Heri dan 22 penumpang lain selamat meski terluka ringan dan berat. Mayoritas korban mengalami luka trauma di kepala. Sebanyak 12 orang dirawat di RSHS. Empat korban di antaranya harus menjalani operasi karena mengalami pendarahan di otak.
Kami tak punya pilihan selain menggunakan truk. Sulit mengandalkan angkutan umum. Selain minim, biayanya terlalu mahal bagi warga desa seperti kami. (Deni Rahma Sopian)
Deni Rahma Sopian (30), warga Citalem yang datang ke RSHS, mengatakan, sebagian besar korban tewas dan dirawat adalah saudara dan tetangga warga RW 008 dan RW 009 di Desa Citalem. Sembari menunggu kerabatnya yang masih dirawat, Deni bercerita kehilangan Ayim, tetangga sekaligus guru mengajinya.
Menurut Deni, pertemuan terakhirnya dengan Ayim pada Kamis sore, beberapa jam sebelum kejadian. Deni ikut mengantar beberapa kerabatnya pergi menuju pengajian di Cianjur.
”Awalnya saya juga diajak ikut. Tapi, kebetulan ada pekerjaan sekolah yang harus diselesaikan. Tidak menyangka beberapa jam kemudian, sekitar pukul 02.00, saya mendengar rombongan itu kecelakaan di perjalanan pulang,” kata guru di madrasah tsnawiyah di Cipongkor ini.
Kini, saat keluarga korban selamat menantikan kesembuhan, kasus ini ditangani Satuan Lalu Lintas Polres Cimahi. Polisi telah mengambil keterangan dari lima saksi mata terkait kronologi peristiwa tersebut. Diduga truk rem tak berfungsi saat melintasi jalan menurun dengan kondisi yang curam.

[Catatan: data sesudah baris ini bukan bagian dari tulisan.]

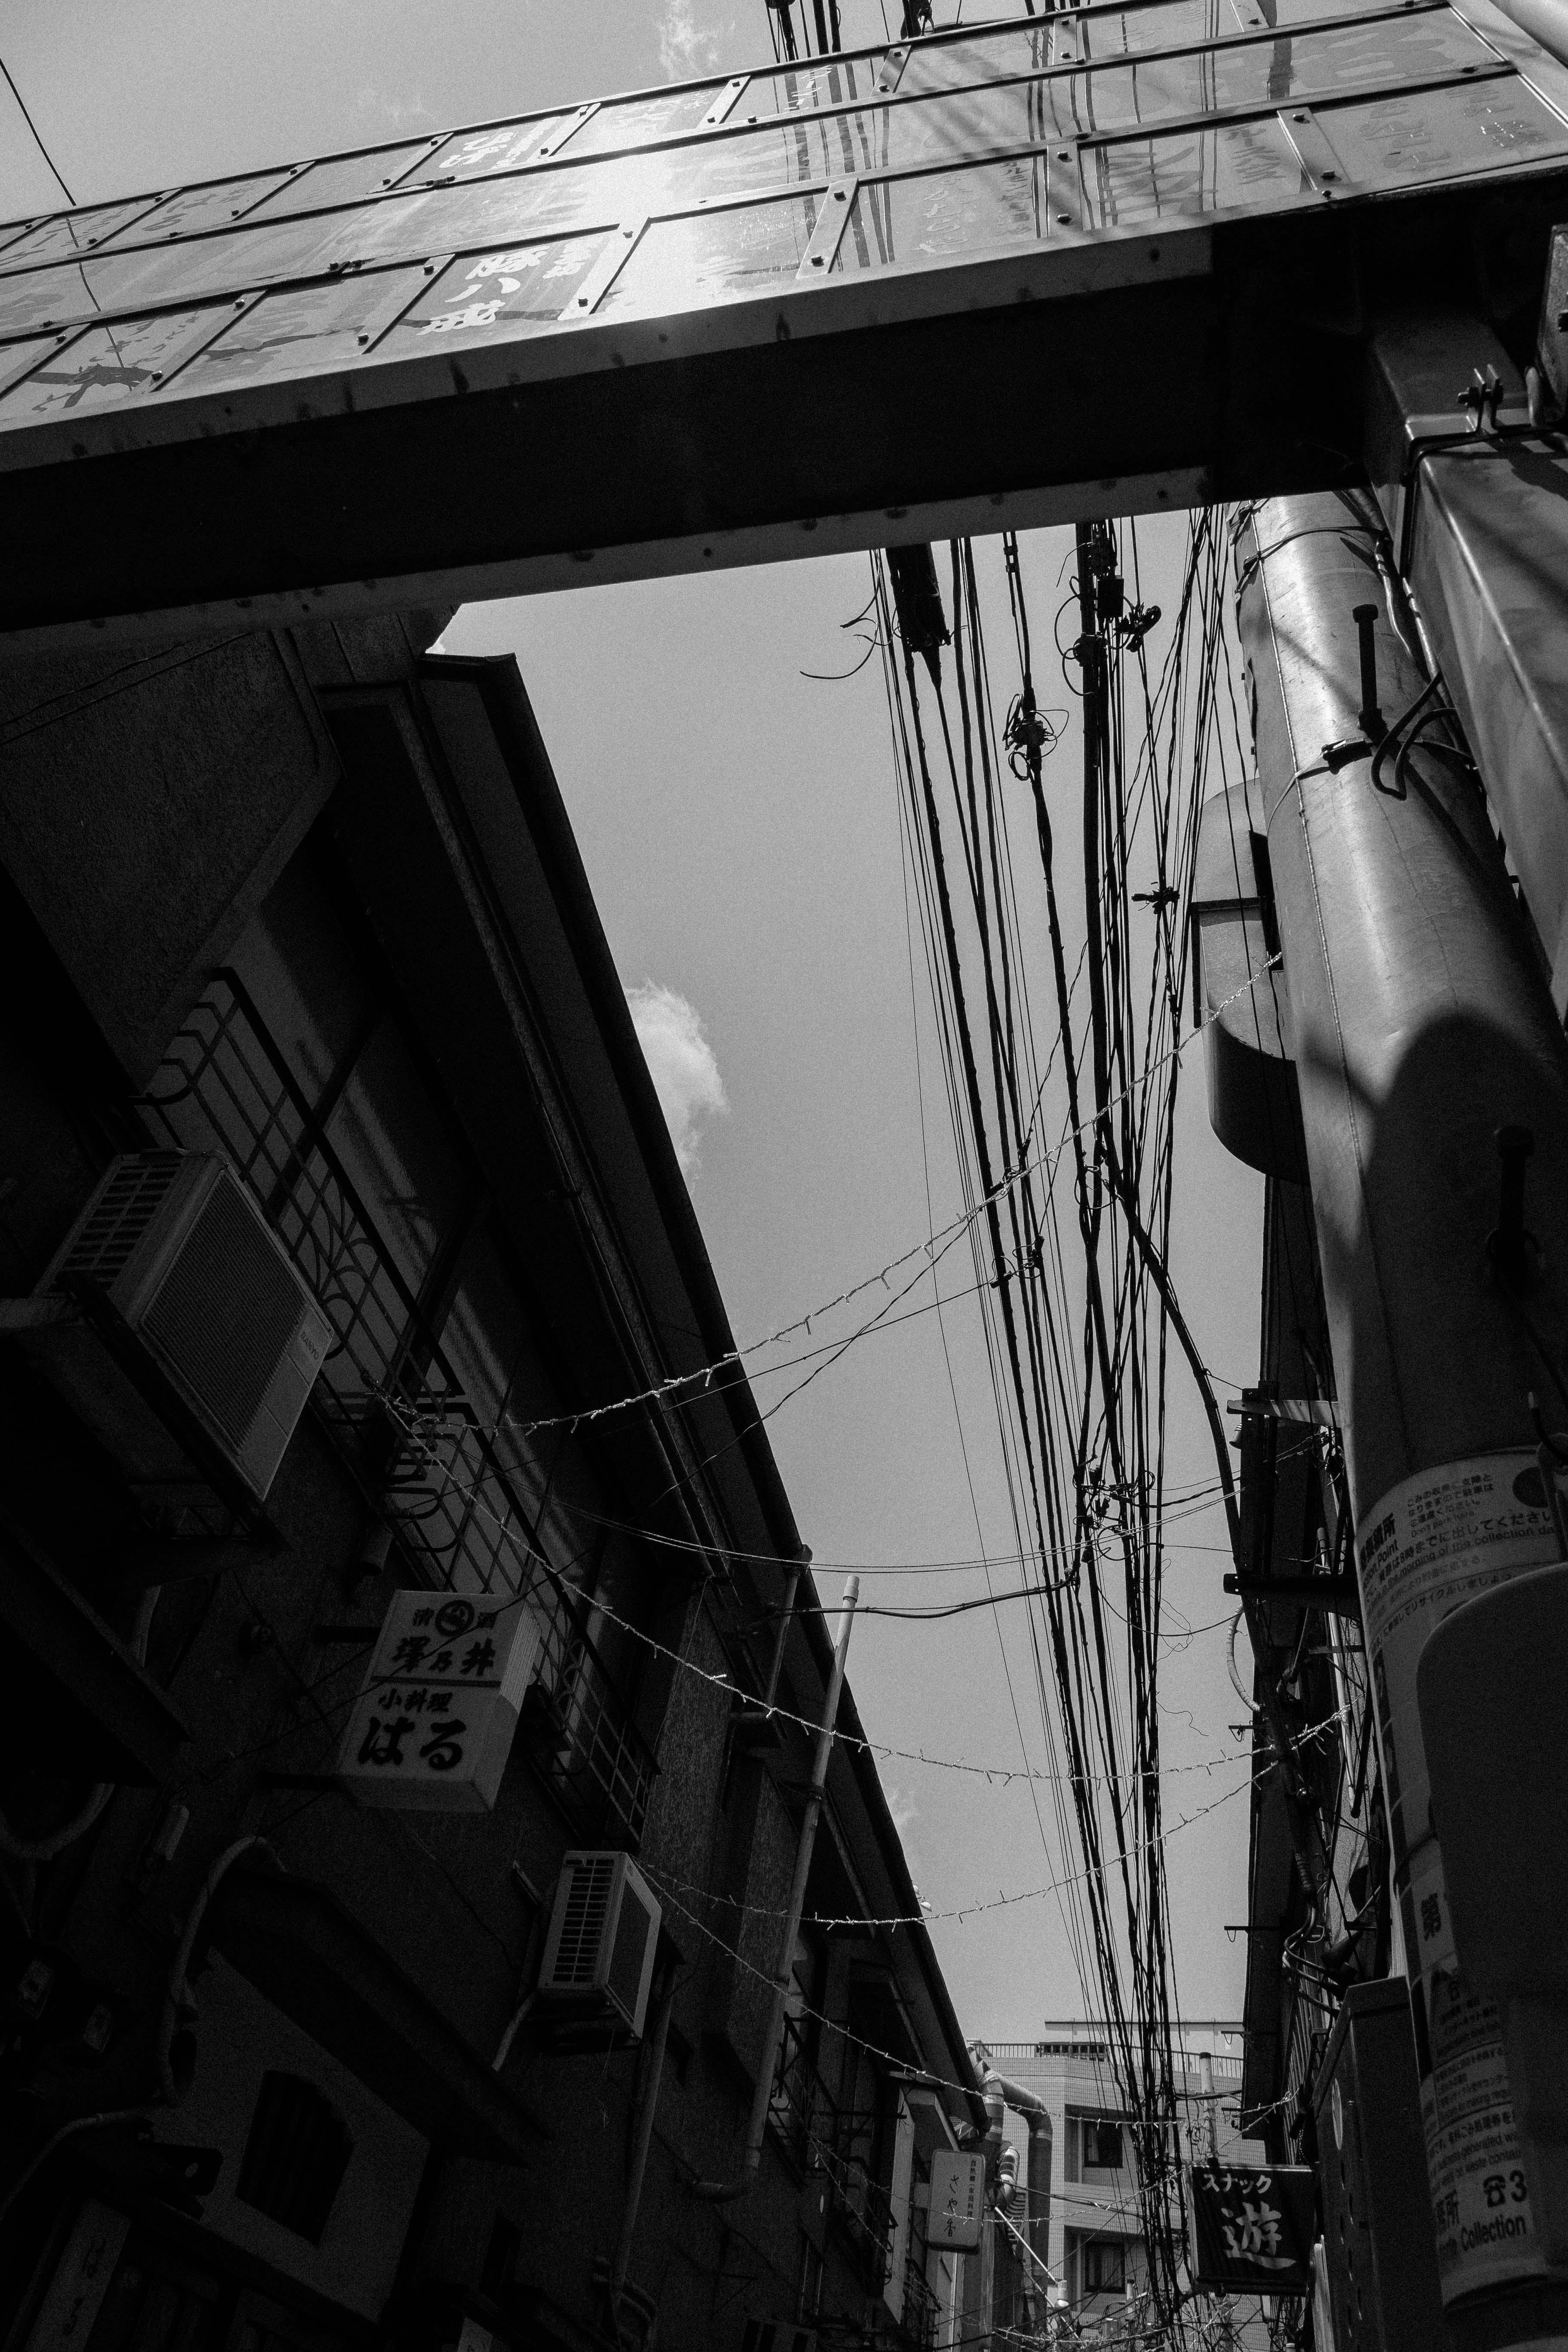 阿佐ヶ谷散策(8)

”Dari keterangan sejumlah saksi mata, truk hilang kendali saat melewati jalan menurun hingga terbalik,” ujar Wakil Direktur Lalu Lintas Polda Jabar Ajun Komisaris Besar Edwin Afandi.
Minim angkutan
Jauh dari ideal, truk yang digunakan untuk mengangkut manusia itu bisa dibilang pilihan di tengah keterbatasan. Para korban, yang kebanyakan petani gurem, tidak punya cukup uang untuk menyewa bus atau kendaraan yang lebih layak.
Bahkan, truk dipilih karena punya salah seorang warga Citalem. Tidak perlu uang sewa, warga hanya perlu iuran membeli solar.

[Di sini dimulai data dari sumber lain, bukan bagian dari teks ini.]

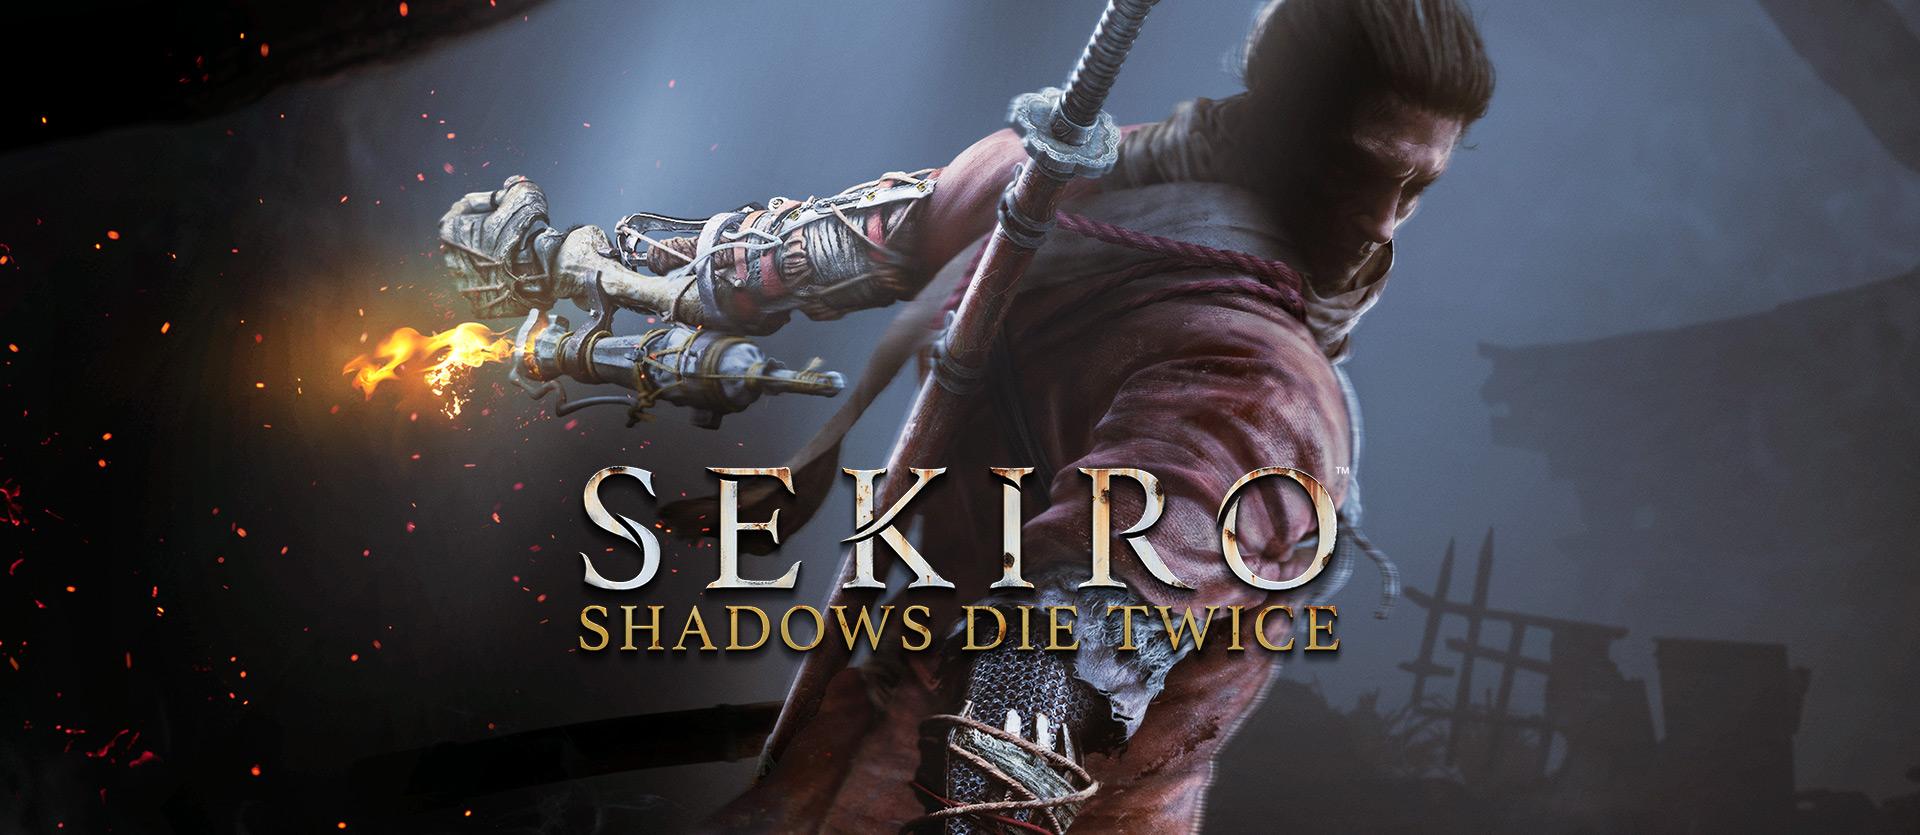 Sekiro Shadows Die Twice hardwarové požadavky

”Kami tak punya pilihan selain menggunakan truk. Sulit mengandalkan angkutan umum. Selain minim, biayanya terlalu mahal bagi warga desa seperti kami,” ungkap Deni.
Nestapa yang dialami sebagian warga Citalem itu rentan dialami masyarakat yang tinggal di perdesaan lainnya di Jabar. Dari laman jabarprov.go.id, 1.568 desa di Jabar belum memiliki angkutan umum. Total ada 5.957 desa di Jabar tahun 2022.

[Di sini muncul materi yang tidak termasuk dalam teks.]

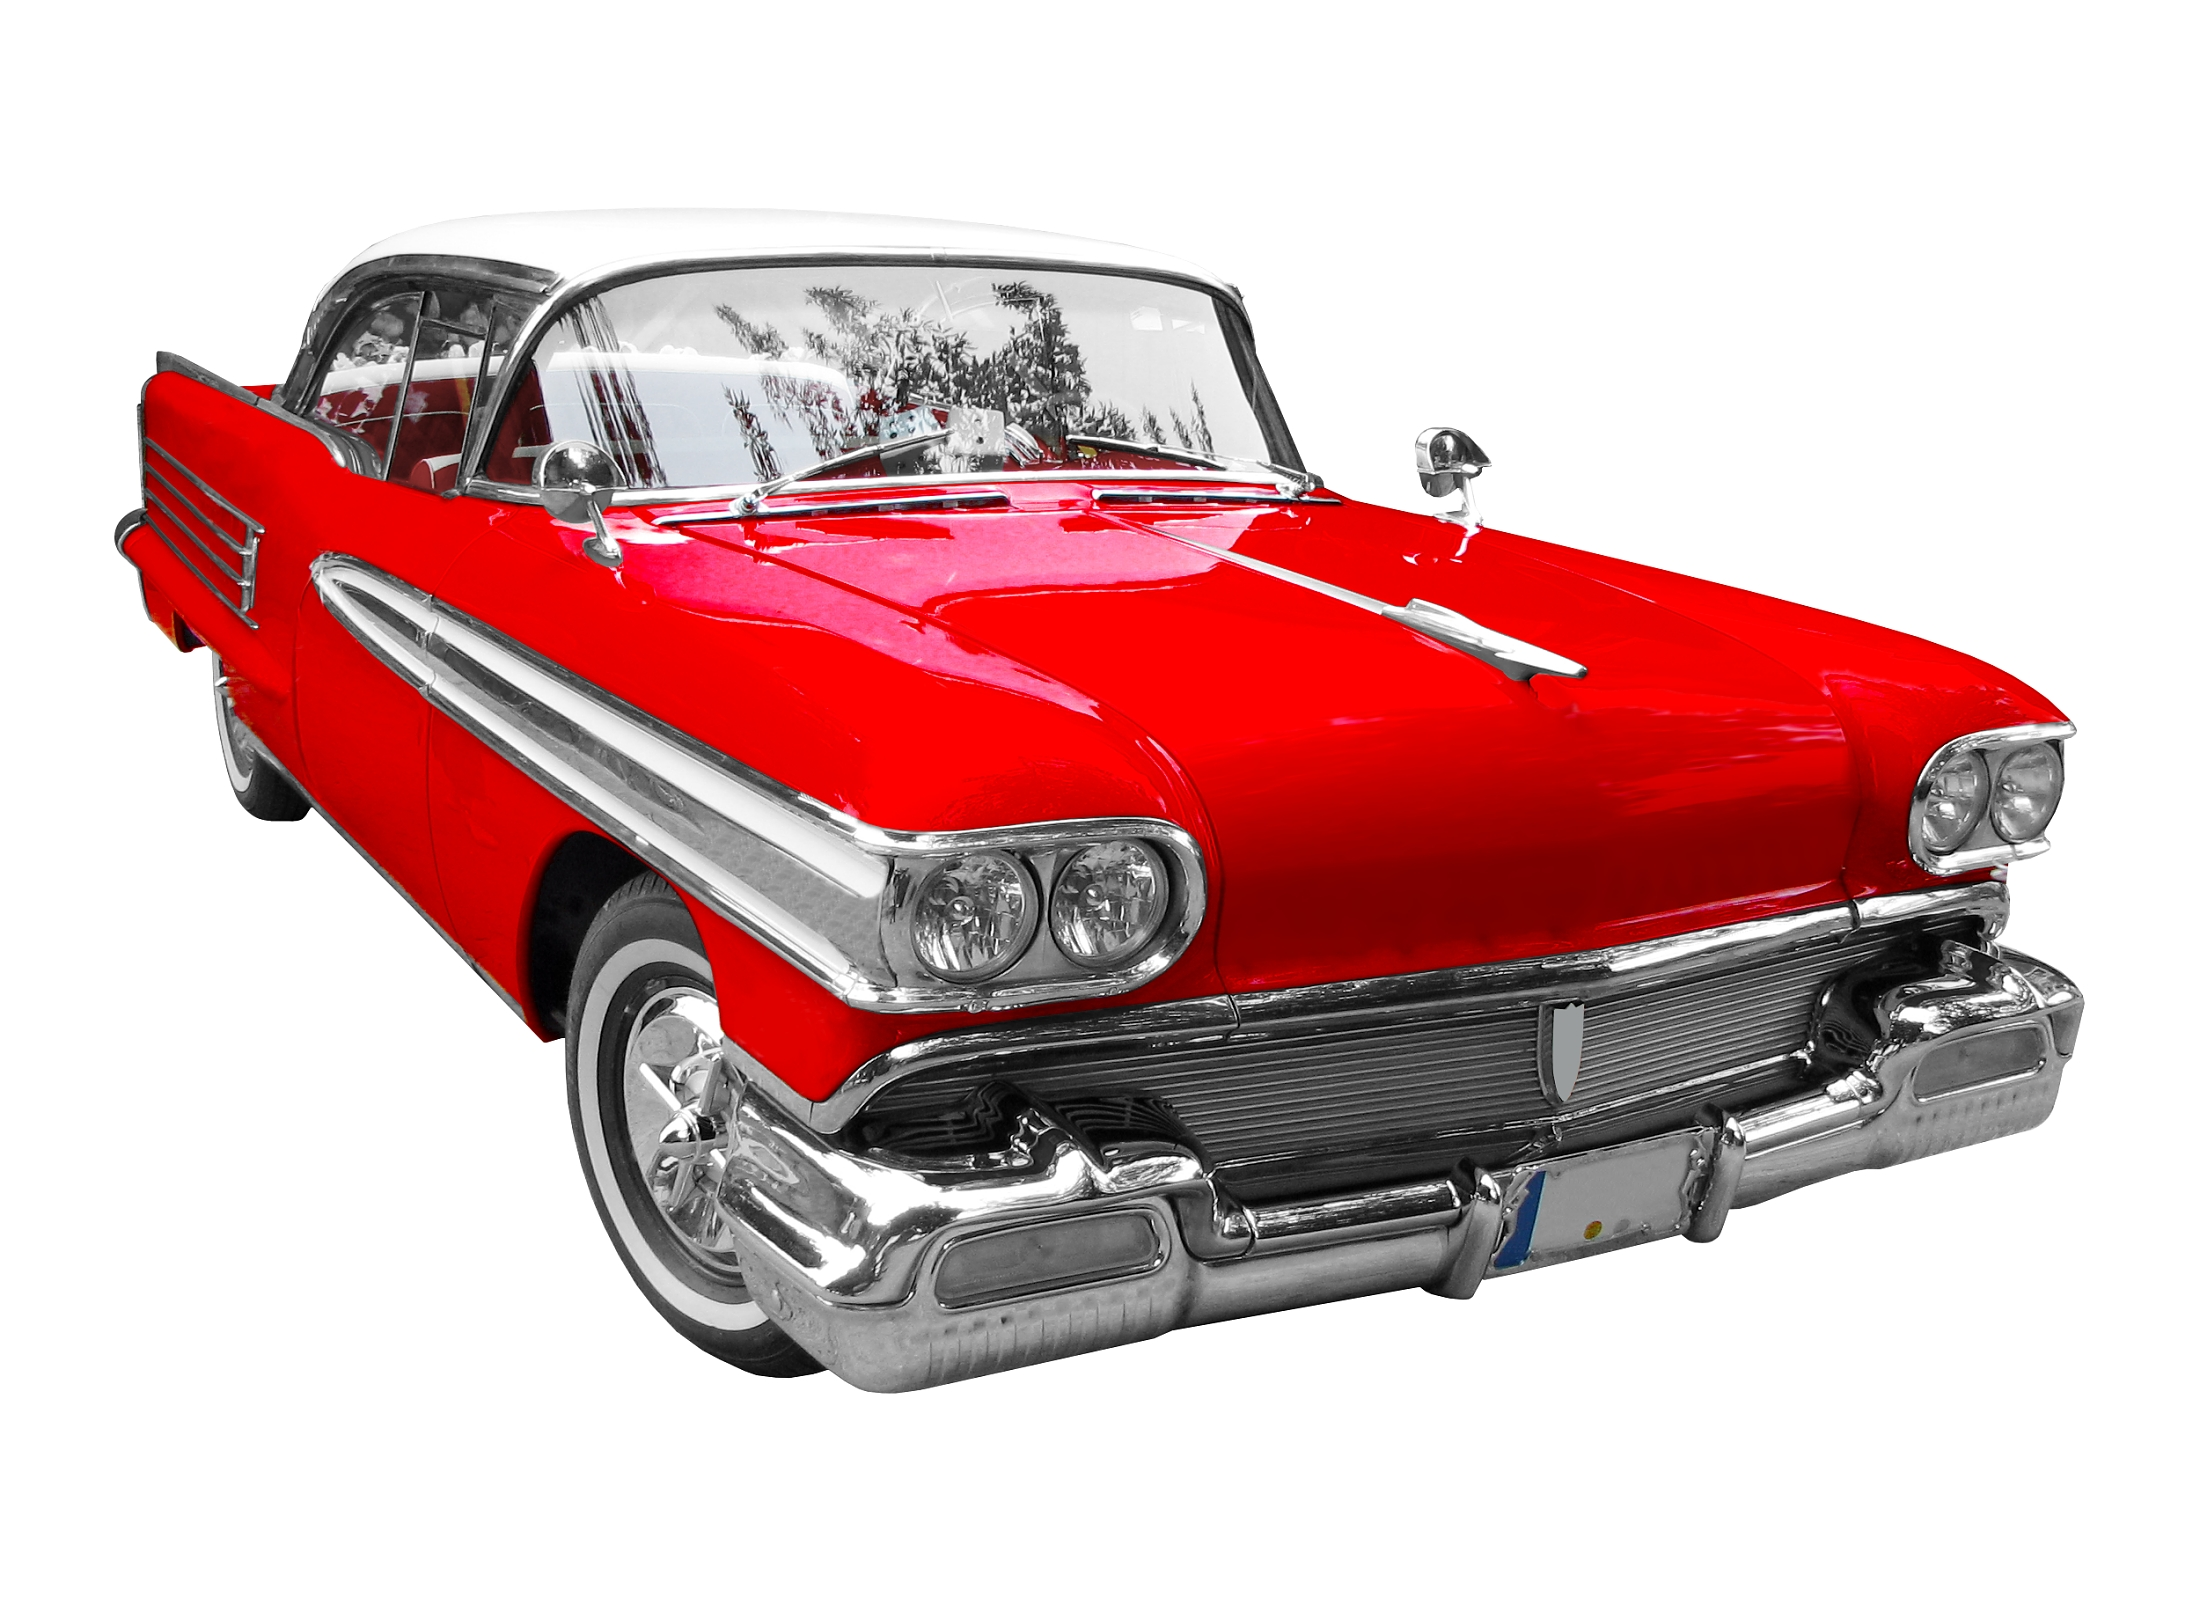 Old Vintage Cars. Interesting Old Classic Cars Antique Vintage ...

Kondisi itu butuh perbaikan. Saat ini jumlah penduduk di Jabar berdasarkan data Badan Pusat Statistik (BPS) tahun 2023 tercatat 49,40 juta jiwa. Namun, tidak semuanya sejahtera.
Data BPS hingga September 2022, tercatat 4,05 juta penduduk kategori miskin. Sebanyak 9,75 persen dari penduduk miskin tinggal di perdesaan.
Pengamat transportasi publik dari Institut Teknologi Bandung, Sony Sulaksono, mengatakan, ada tiga faktor yang memicu penggunaan truk untuk mengangkut manusia. Pertama, minimnya kesadaran warga untuk menggunakan angkutan umum yang aman. Kedua, rendahnya ketersediaan angkutan umum di wilayah perdesaan. Kondisi itu, kata Sony, dinilai belum menjadi perhatian pemerintah.
”Ketiga adalah upaya penegakan hukum yang belum optimal. Diperlukan ketegasan dari aparat untuk mencegah penggunaan truk untuk mengangkut penumpang,” kata Sony.
Pakar transportasi dari Universitas Katolik Soegijapranata Semarang, Djoko Setijowarno, memaparkan, Pasal 303 Undang-Undang Nomor 22 Tahun 2009 tentang Lalu Lintas Angkutan Jalan telah menegaskan larangan truk digunakan sebagai angkutan untuk membawa penumpang. Truk hanya boleh digunakan mengangkut penumpang untuk evakuasi warga di lokasi bencana alam dan pengerahan aparat keamanan.
”Penggunaan truk sebagai angkutan warga diakibatkan krisis transportasi umum di perdesaan. Ketiga calon presiden dalam Pemilu 2024 harus menjadikan penyediaan angkutan umum perdesaan sebagai salah satu program prioritas,” ucap Djoko.
Duka akibat pelanggaran lalu lintas terus terjadi lewat berbagai kejadian. Pelajaran penting harus dipetik. Aturan tegas harus ditegakkan. Pemenuhan hak warga hingga ke pelosok desa mesti diperhatikan.